An inequality concerning Lagrange's identity

Question

Does the following inequality still hold $$(a^2_{1}+b^2_{2}+b^2_{3})(a^2_{2}+b^2_{3}+b^2_{1})(a^2_{3}+b^2_{1}+b^2_{2})\ge (b^2_{1}+b^2_{2}+b^2_{3})(a_{1}b_{1}+a_{2}b_{2}+a_{3}b_{3})^2 $$ $$+\dfrac{1}{2}(b_{1}a_{2}b_{3}-b_{1}b_{2}a_{3})^2+\dfrac{1}{2}(b_{1}b_{2}a_{3}-a_{1}b_{2}b_{3})^2+\dfrac{1}{2}(a_{1}b_{2}b_{3}-b_{1}a_{2}b_{3})^2\tag{*}$$ for $a_{i},b_{i}\in \mathbb R,i=1,2,3$?
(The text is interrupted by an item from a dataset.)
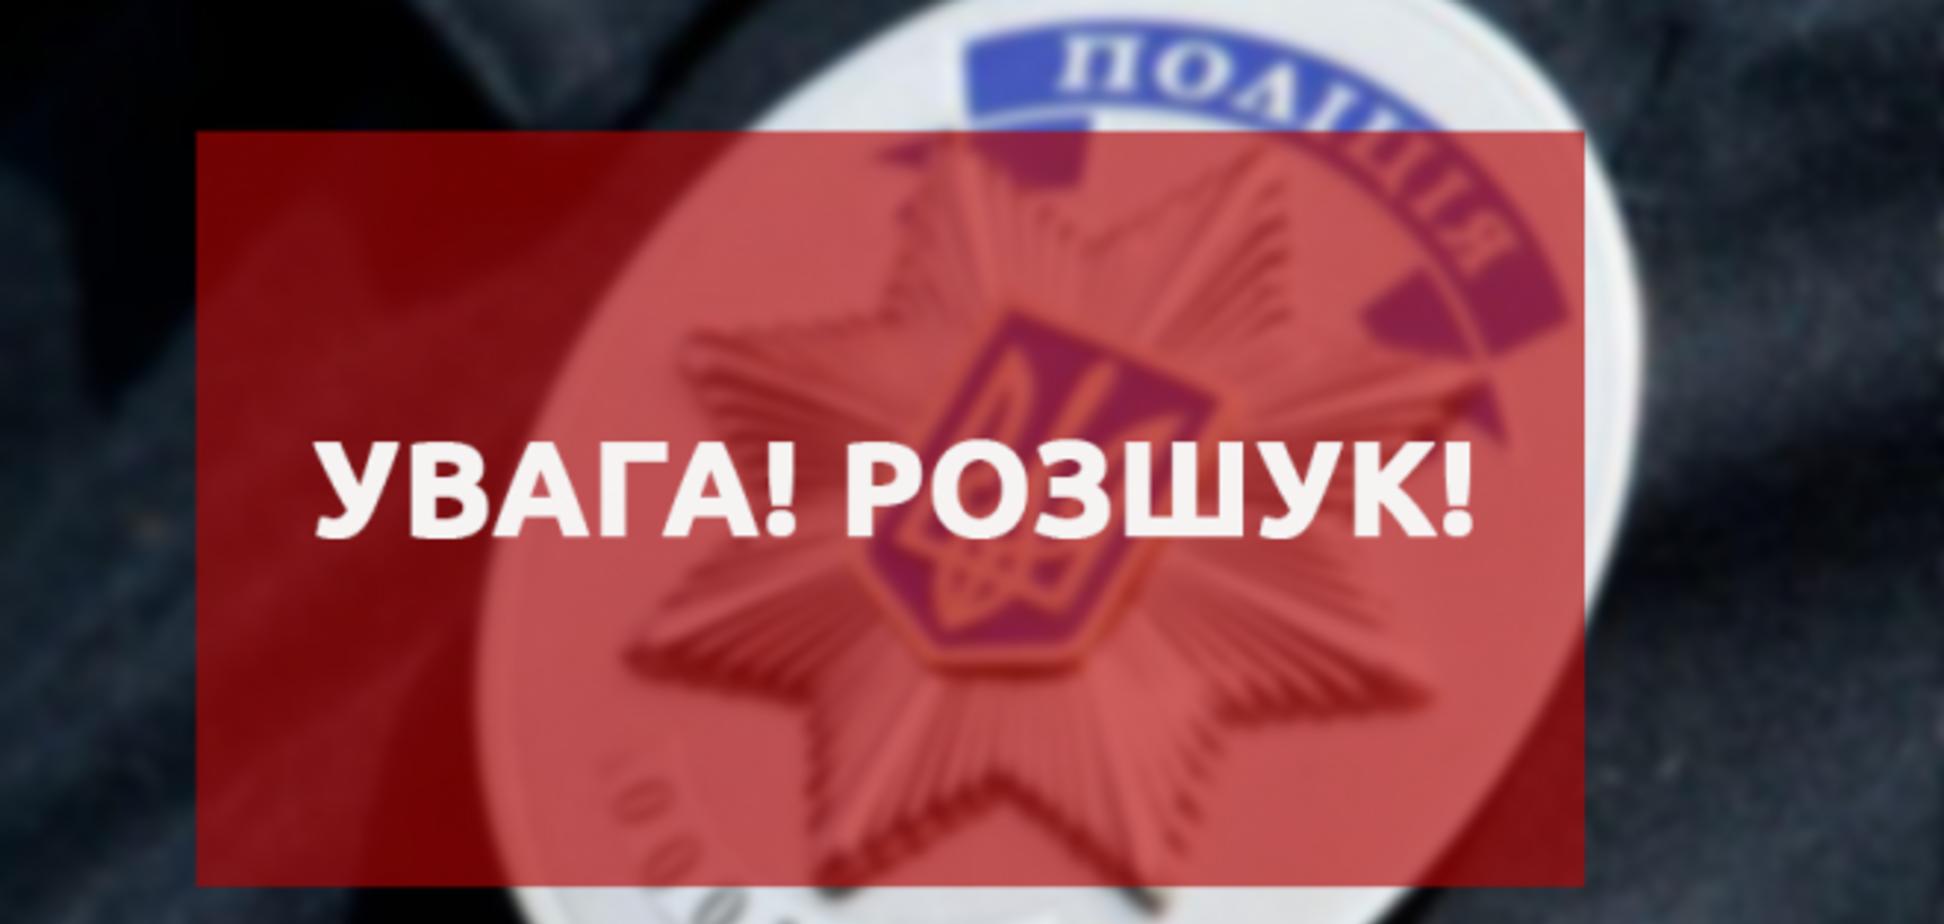 У Києві оголосили в розшук 16-річну дівчинку. Ілюстрація. Джерело: volynonline.com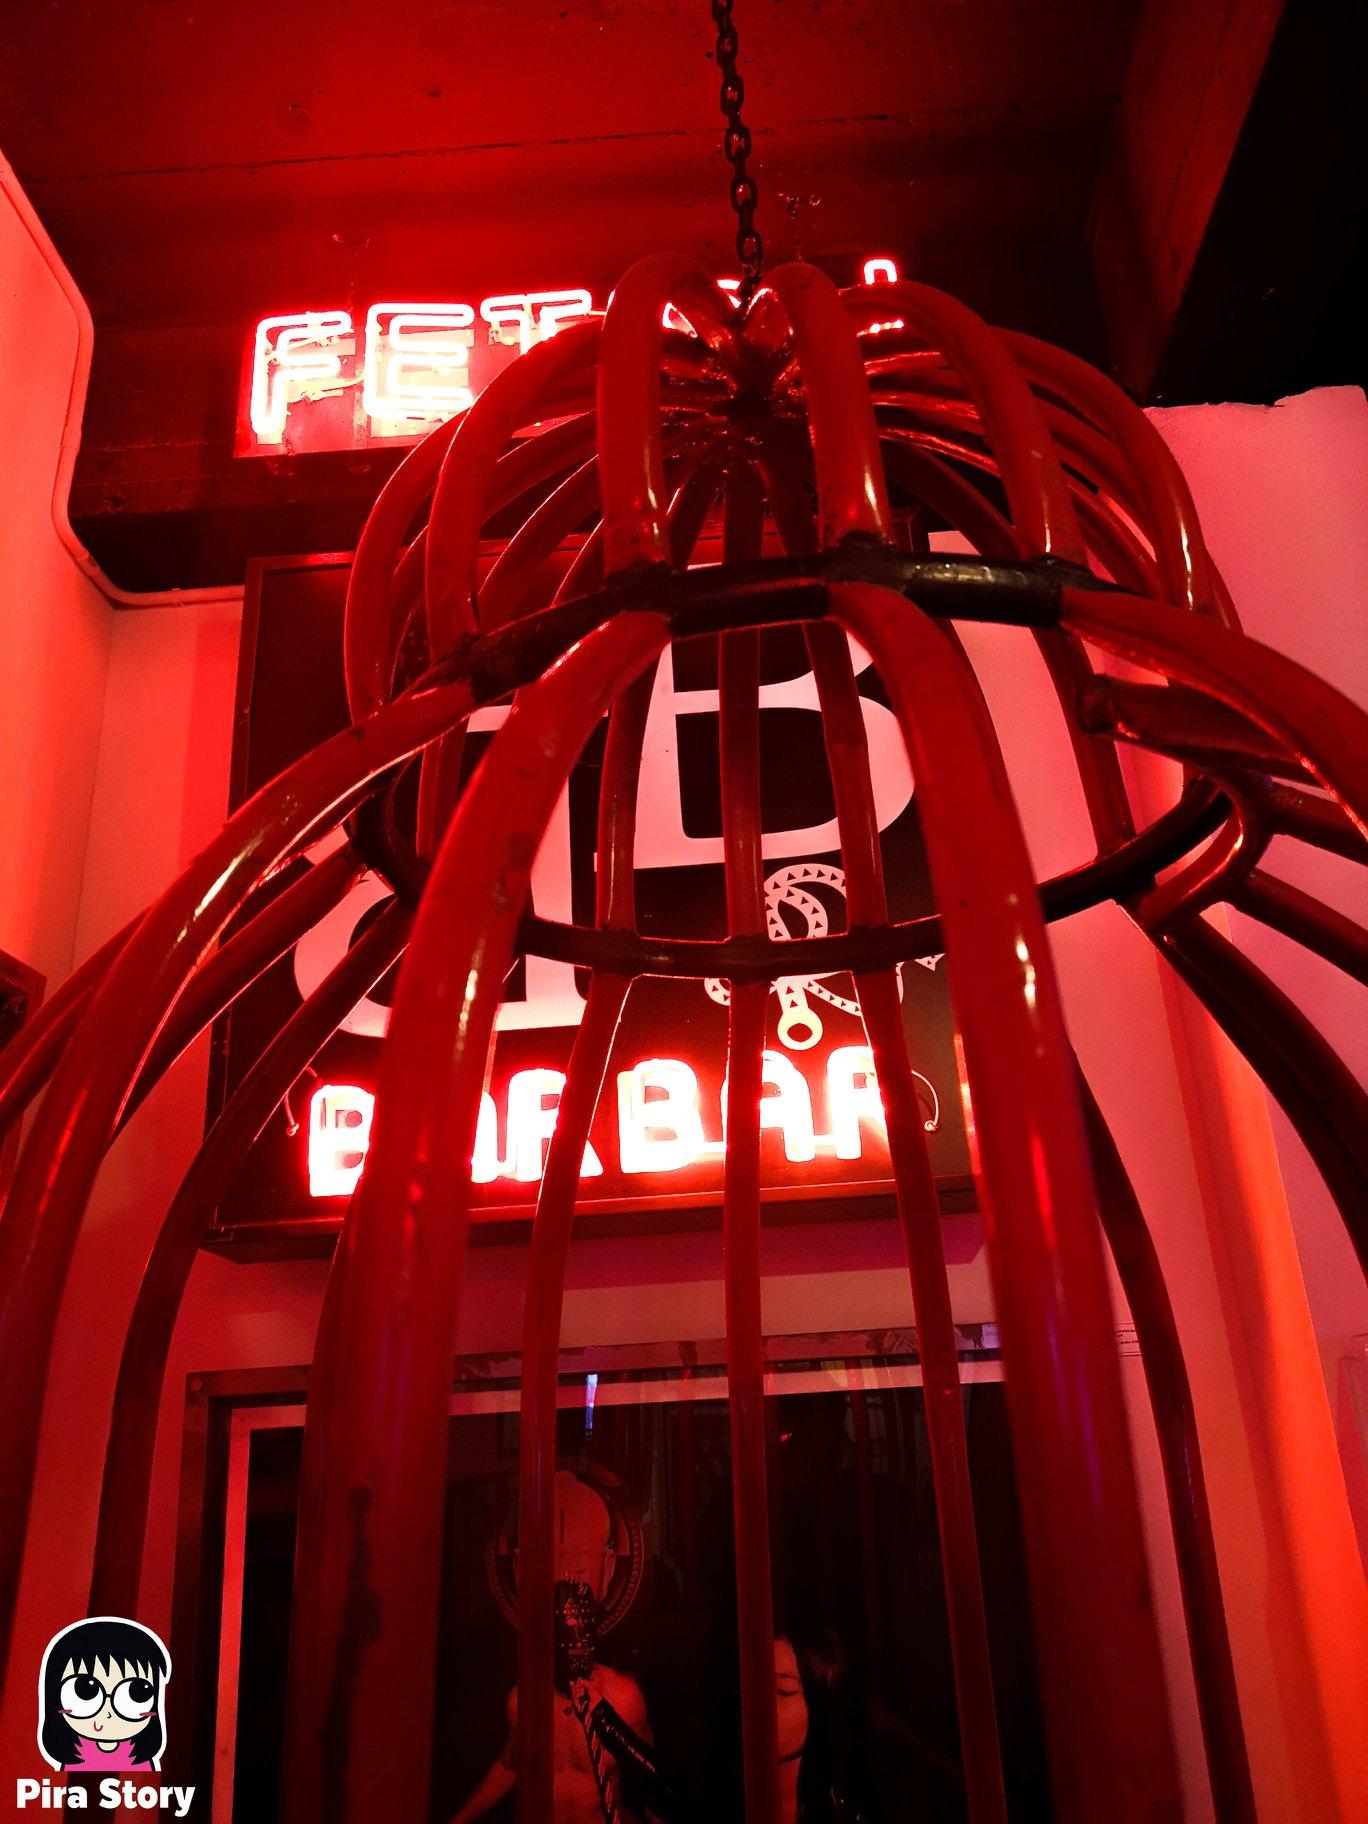 ปิงปองโชว์ พิพิธภัณฑ์พัฒน์พงศ์ Patpong museum พัฒน์พงศ์มิวเซียม sex worker ซ่อง ประวัติศาสตร์ โคมเขียว พัฒน์พงศ์มิวเซียม pira story pirastory เที่ยวเนิร์ดๆ บาร์ลับ คาเฟ่ลับ สีลม ศาลาแดง

we know Lagrange's identity $$(a^2_{1}+a^2_{2}+a^2_{3})(b^2_{1}+b^2_{2}+b^2_{3})=(a_{1}b_{1}+a_{2}b_{2}+a_{3}b_{3})^2+\sum_{i=1}^{2}\sum_{j=i+1}^{3}(a_{i}b_{j}-a_{j}b_{i})^2$$

then we have Cauchy-Schwarz inequality $$(a^2_{1}+a^2_{2}+a^2_{3})(b^2_{1}+b^2_{2}+b^2_{3})\ge (a_{1}b_{1}+a_{2}b_{2}+a_{3}b_{3})^2$$

Answer 1

We have the following identity. $$(a^2+y^2+z^2)(b^2+x^2+z^2)(c^2+x^2+y^2)-(x^2+y^2+z^2)(ax+by+cz)^2-$$ $$-\frac{1}{2}(ayz-bxz)^2-\frac{1}{2}(ayz-cxy)^2-\frac{1}{2}(bxz-cxy)^2=$$ $$=(x^2+y^2)(x^2+z^2)(y^2+z^2)+a^2b^2c^2+a^2b^2(x^2+y^2)+a^2c^2(x^2+z^2)+b^2c^2(y^2+z^2)-$$ $$-2abxy(x^2+y^2)-2acxz(x^2+z^2)-2bcyz(y^2+z^2)-xyz(abz+acy+bcx).$$ I hope it can help.